В городе стоит жара, и все же я решаю идти пешком к Колониал-лейк, в сторону Брод-стрит, и поздороваться с чарлстонским солнцем, пропущенным через листья пальм. Когда сворачиваю на Трэдд-стрит, от послеполуденной влажности у меня рубашка прилипает к потному телу, напоминая шкуру рептилий. В Чарлстоне бывают дни настолько жаркие и влажные, что кажется, будто плывешь по-собачьи в бассейне с горячей водой. Со стороны гавани дует ветер, и я снова вдыхаю запах Атлантики, запах настоящего океана, который с детства помнят мои ноздри. Я не спеша лавирую по узкой, чистенькой, уютной улочке, ставшей местом моего обитания. Я вернулся в родную гавань. Тихий океан мрачнее, холоднее и больше Атлантического. Если уж выбирать, то я в любое время года предпочел бы Гольфстрим течению Гумбольдта. По дороге я полной грудью вбираю в себя чистый свежий запах, который встречает меня после странствий.

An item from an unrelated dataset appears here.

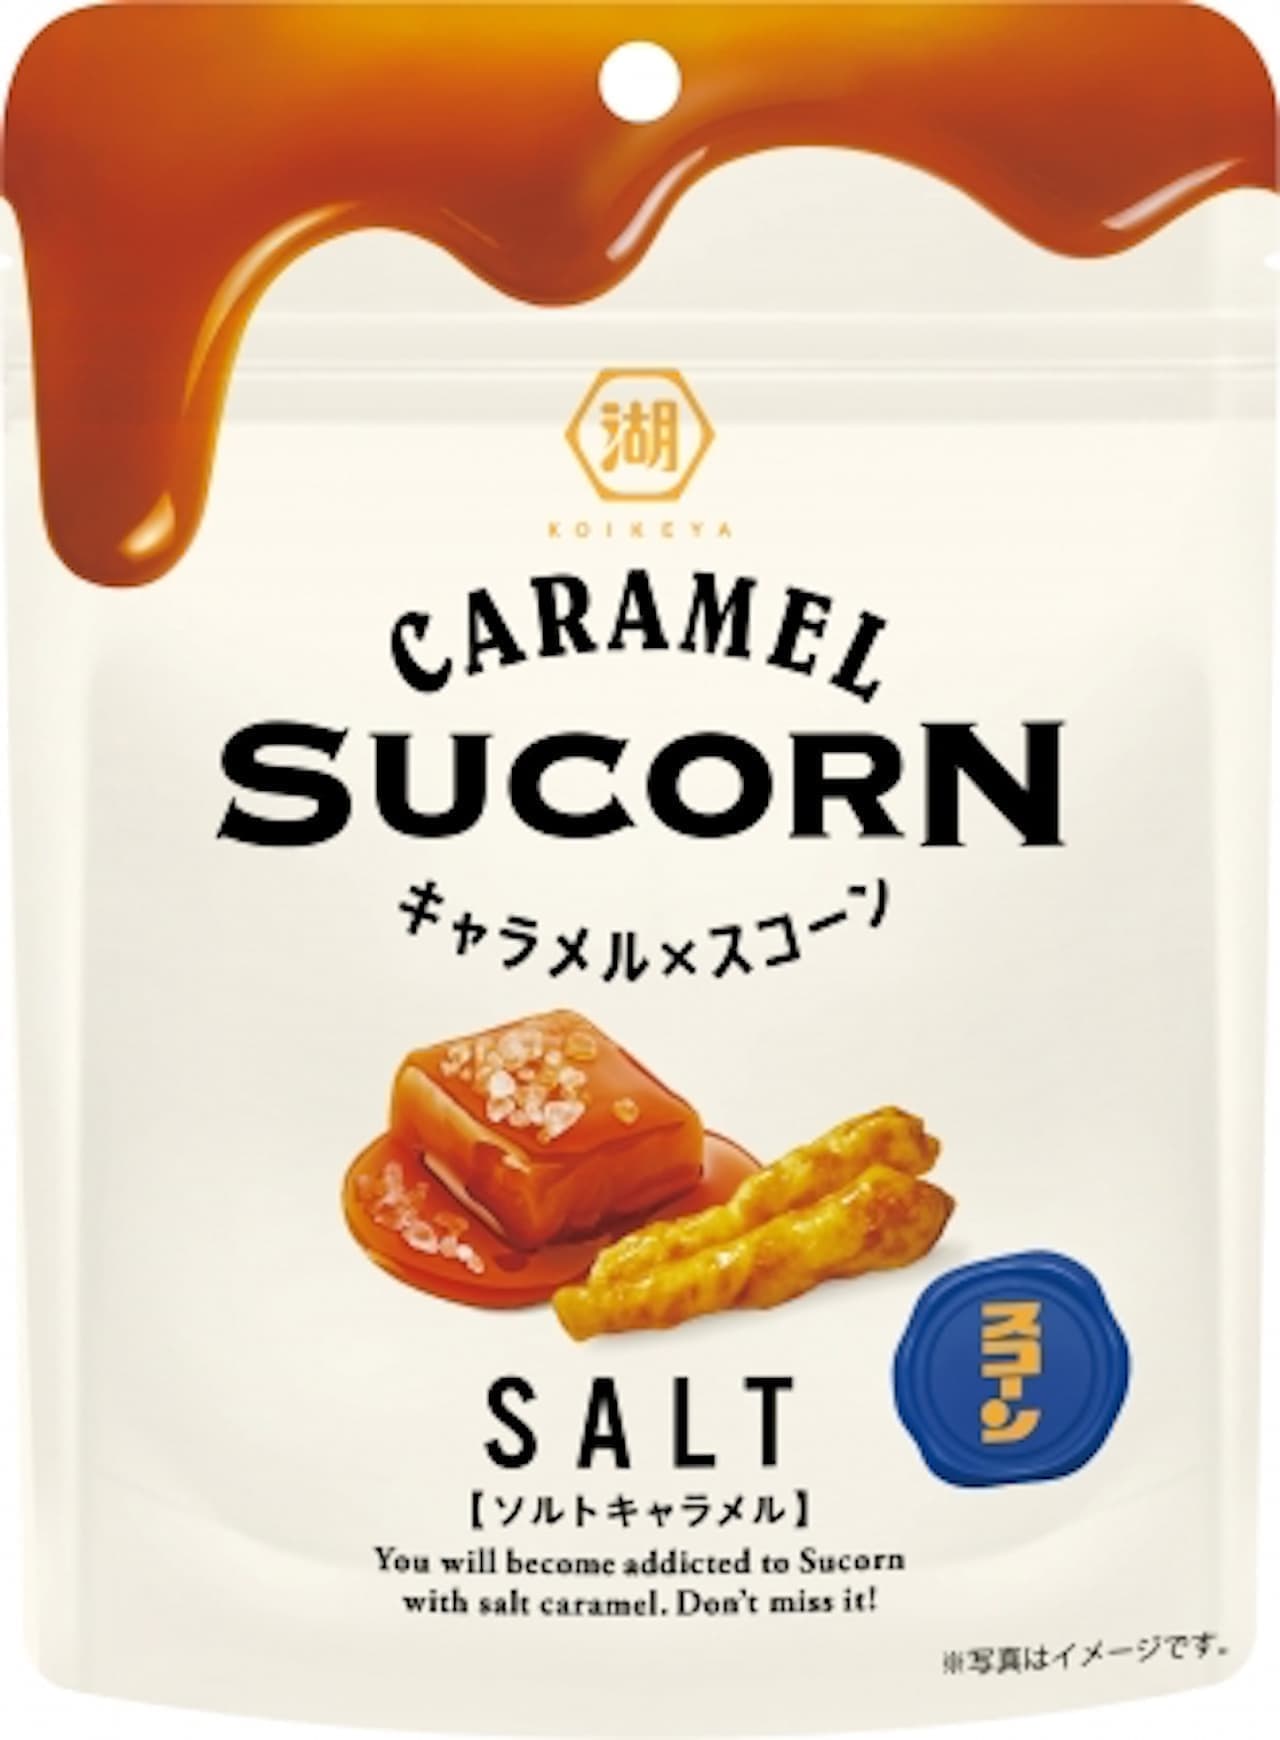 Koikeya "Caramel x Scone Salt Caramel"

Подходя к дому, я думаю о чрезвычайных обстоятельствах, которые некогда привели меня сюда и по решению суда я начал отрабатывать трудовую повинность в сумрачных недрах антикварного магазина Харрингтона Кэнона. Узнав о завещании, разгневанные дальние родственники мистера Кэнона бросились опротестовывать его с яростью, которая удивила меня, но через два года, после того как суд официально утвердил завещание, я вступил-таки во владение домом и магазином. Магазин я немедленно сдал в аренду другому торговцу антиквариатом, который охотно принял мое условие: сохранить за магазином имя Харрингтона Кэнона.

Щедрость мистера Кэнона обеспечила меня стартовой площадкой в жизни. Учась в Цитадели, я сдавал первый и второй этажи дома Кэнона молодым преподавателям Чарлстонского колледжа. Мать не жалела времени и сил, чтобы сад перед домом в прямом смысле слова процветал. В большом, глубоком фонтане я развел японских карпов и любил смотреть, как они плавают, задевая листья кувшинок. Белые цветы служат прекрасной декорацией к балетному спектаклю, который устраивают золотистые и обсидиановые карпы.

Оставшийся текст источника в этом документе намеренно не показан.